IAN CAMPBELL, ENVIRONMENT MINISTER: Yes, it does, but I think, again, it falls into the trap Tony, of saying this is the silver bullet. What has exercised my mind for a couple of years is that China is growing at the rate of a city of Brisbane every month. You can talk about a few homes in Australia, but when you, say, drive through the Xin Zhen Province, as I did last Thursday night, and see a city of 12 million people that didn't exist 18 years ago, you realise that you have to not only do these large scale, breakthrough solar projects.
Not very convincing is it?
You get the feeling that the Nats are applying the blowtorch in the backrooms because this year marks the first time in in a decade in power that the Federal Government has even acknowledged there's a serious problem with Global Warming. Really, the legacy of this Coalition Government won't be its record of economic management as it wants it to be; it will be the fact that they were well and truly in denial at the wheel while this problem grew and grew. And when nations around the world worked up an agreement to curb it, they said, "Nup, it's not in our interests".
This following bit had me choking:
If the Hazelwood project works, you could have every single brown coal fired power station in Australia producing energy with zero, or very low emissions. So I think, rather than wanting to put all of you eggs in one basket, it is sensible for the Government to invest taxpayers' money in a range of technologies that are very importantly you can't ignore the world. This is truly a global solution. I mean, trying to get an effective global agreement post Kyoto is incredibly important, but in the meantime finding technology transfer mechanisms so that you can get these technologies developed in a place like Australia, and very quickly moved into places like China, is really the front edge of the problem and the challenge.
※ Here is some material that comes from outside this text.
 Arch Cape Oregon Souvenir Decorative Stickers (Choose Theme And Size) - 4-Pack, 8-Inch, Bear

TONY JONES: I understand. But can you just explain to us why solar generated electricity is actually going to be more expensive, once the plant is up and running, than coal fired electricity, since it comes from the sun?
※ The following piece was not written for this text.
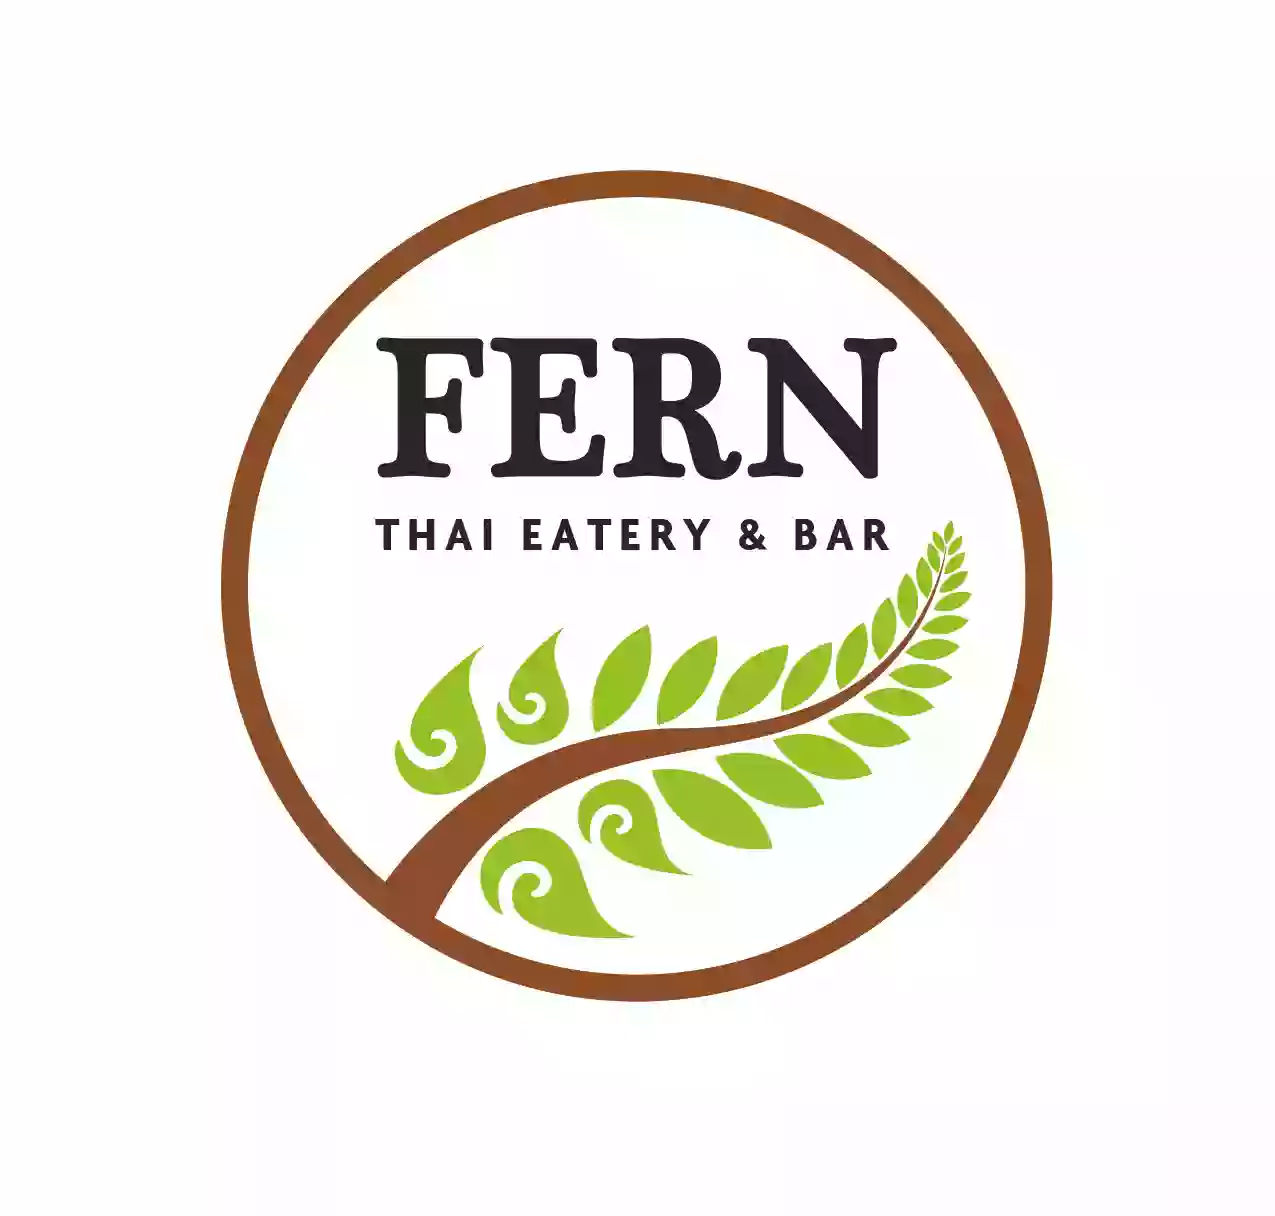 Fern Thai Eatery & Bar

IAN CAMPBELL, ENVIRONMENT MINISTER: These are issues that we will know more about once this plant is up and running, once we know that it's built, that all of the engineering challenges this is what a demonstration project is all about. We will know all of those costs, we will know what it costs per unit of electricity, then we'll know what it will look like as it's expanded.
The bit that had me spewing was 'Trying to get a global agreement post-Kyoto..." For heaven's sake weren't we the nation that said 'no' to the Kyoto Protocol? What credibility have we got when we go in to the next round of discussions?

So... you can suddenly feel the urgency with which they're now viewing the problem. Uhh, It's really late in the day, guys. Letting the issue go to seed, while going on silly little crusades to save the whales, for the last 10 years was a really bad choice of spending time and resources.
The thing about this government and its horrible, woeful, dreadful, abysmal track record in tackling Global Warming is that it has made me yell and scream as if I were a Greenie.
Which, I am not.

Then there's this:
IAN CAMPBELL, ENVIRONMENT MINISTER: My strong conviction has been, for a couple of years now, that Australia should be and will be the leader in solar technologies in the world. That is already happening, although people on the Left of politics keep putting down our achievements. You can't beat going to Xen Zhen Province and seeing the largest solar photovoltaic installation in Asia, built using and solar cells made at Homebush by BP Solar, and installed by an Australian company in China.
Australia's been the leader in Solar power technologies since the early 1980s. For Ian Campbell to suddenly notice this and find conviction in it 2 years ago is truly a sad state of affairs. These were known components, known commodities. Where was he during the 1980s and the 1990s? Presumably, he was in that Norwegian asylum.
I really do hope he googles his name and finds my critique of his pathetic, sub-standard work as Environment Minister.